'''
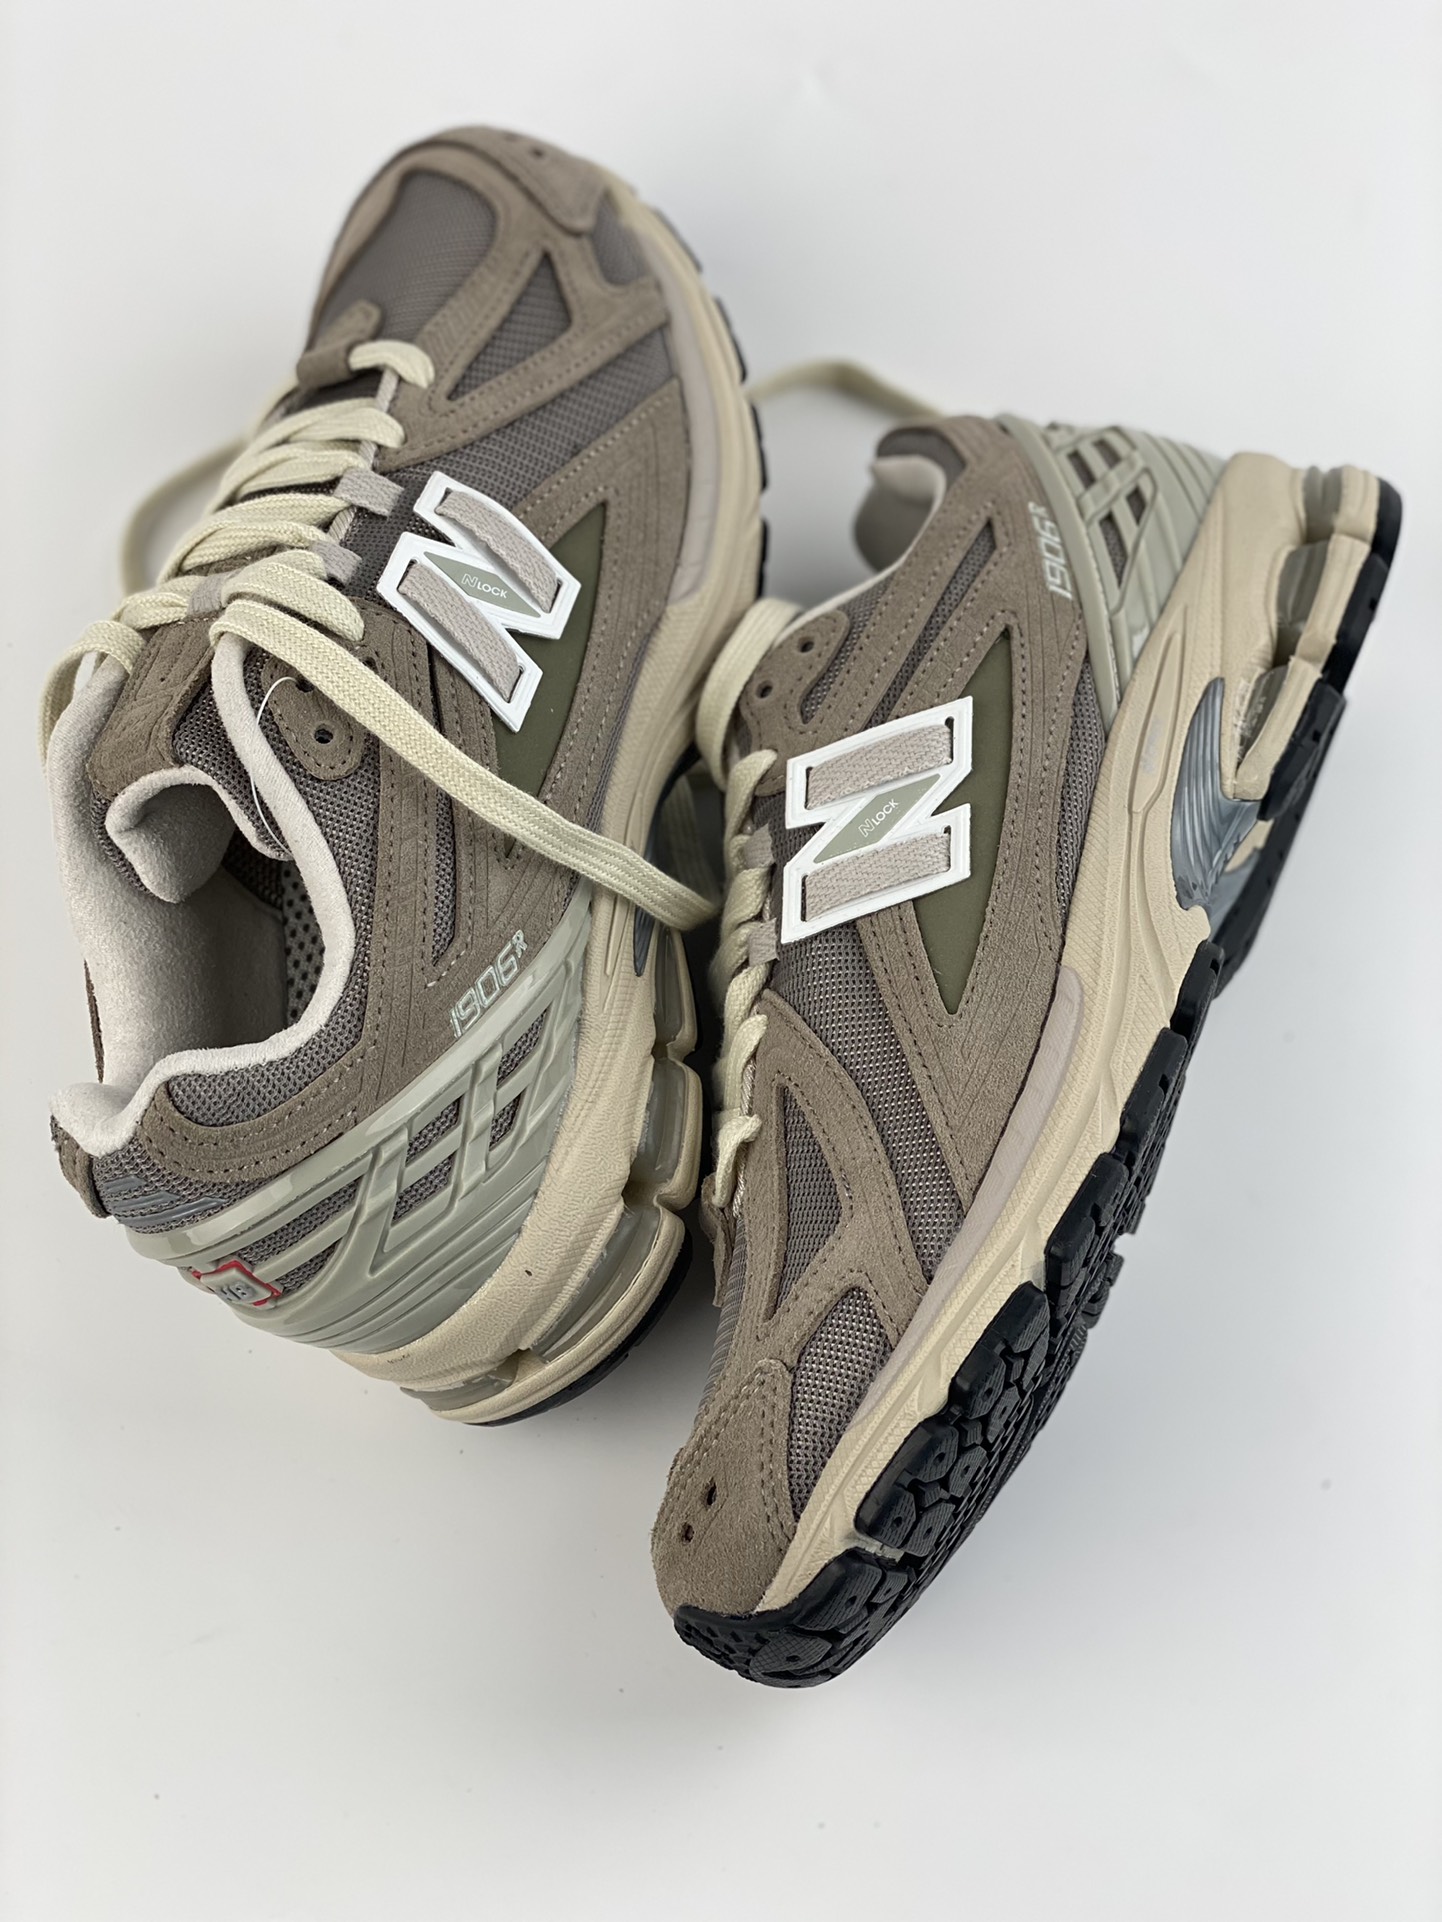 New Balance 1906 series retro dad style casual sports running shoes M1906RL
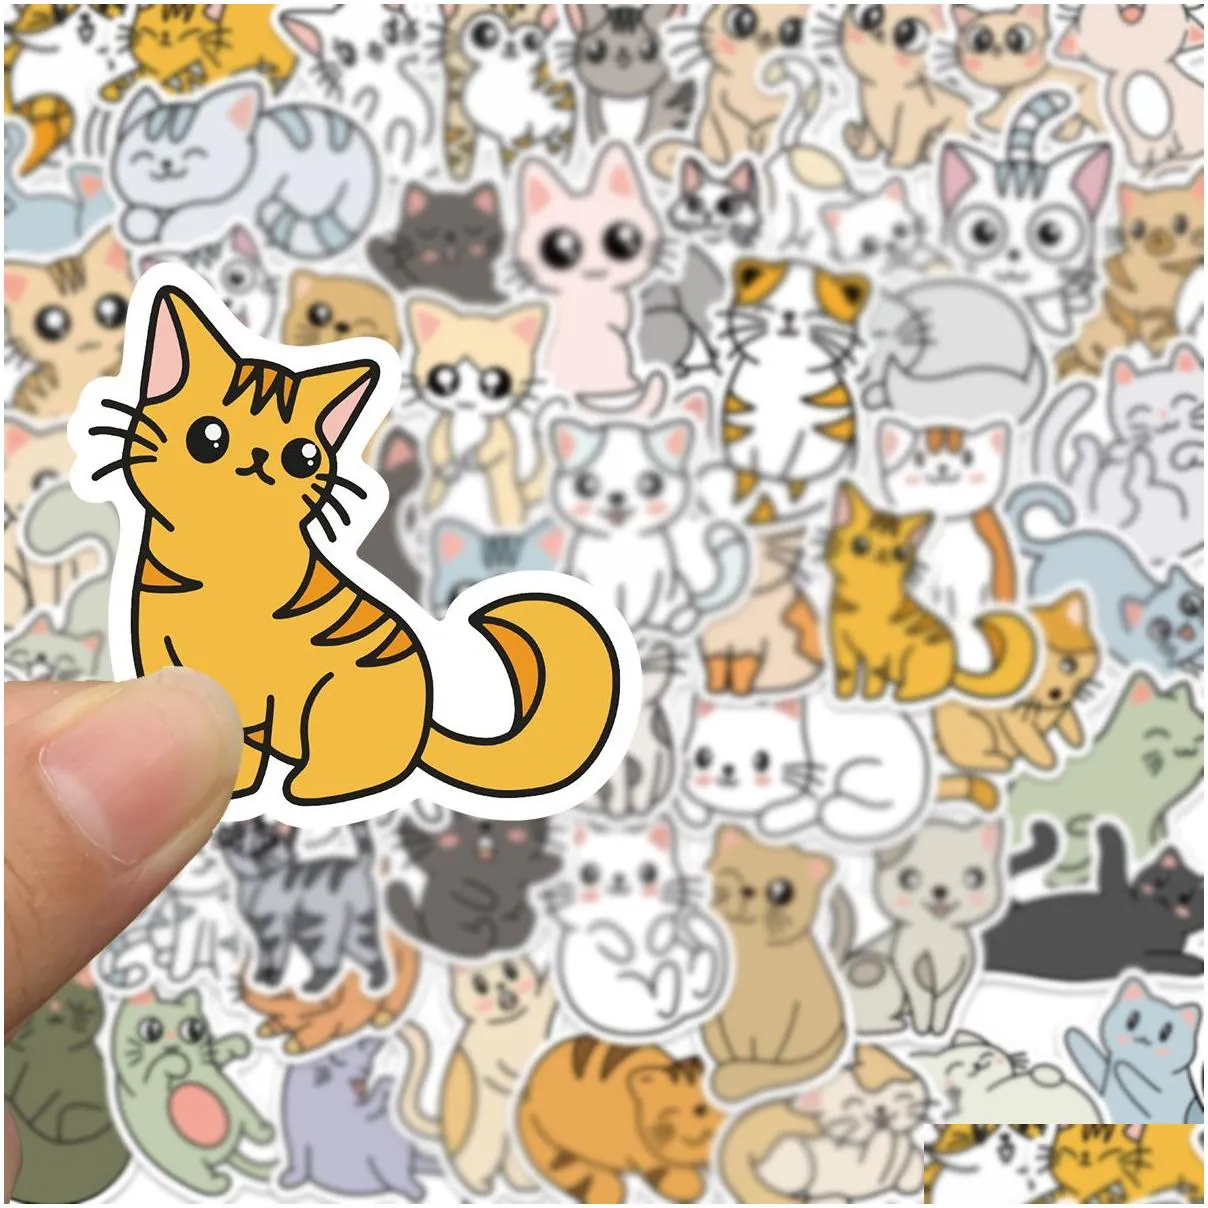 Pack of 60Pcs Wholesale Cartoon Cute Cat Stickers Waterproof Sticker For Luggage Laptop Skateboard Notebook Water Bottle Car decals Kids Gifts
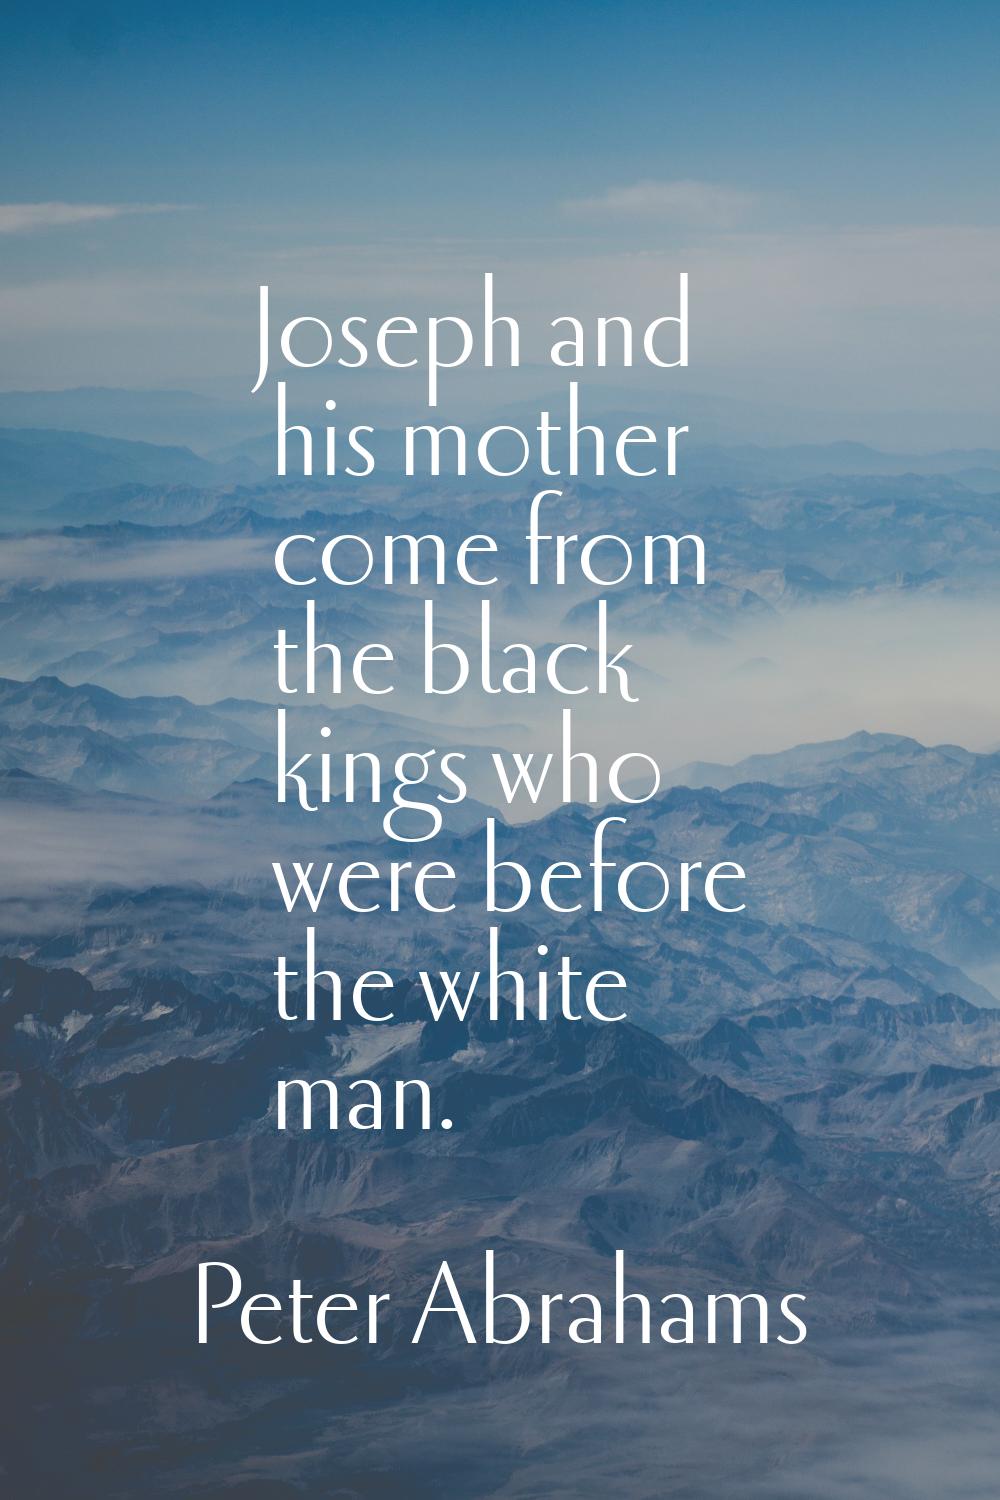 Joseph and his mother come from the black kings who were before the white man.
'''
AIM OF THE EXERCISE:
Once the pictures are set aside, please output all the data word for word.

SOLVED PROBLEM:
 New Balance 1906 series retro dad style casual sports running shoes M1906RL
 Pack of 60Pcs Wholesale Cartoon Cute Cat Stickers Waterproof Sticker For Luggage Laptop Skateboard Notebook Water Bottle Car decals Kids Gifts
 Joseph and his mother come from the black kings who were before the white man.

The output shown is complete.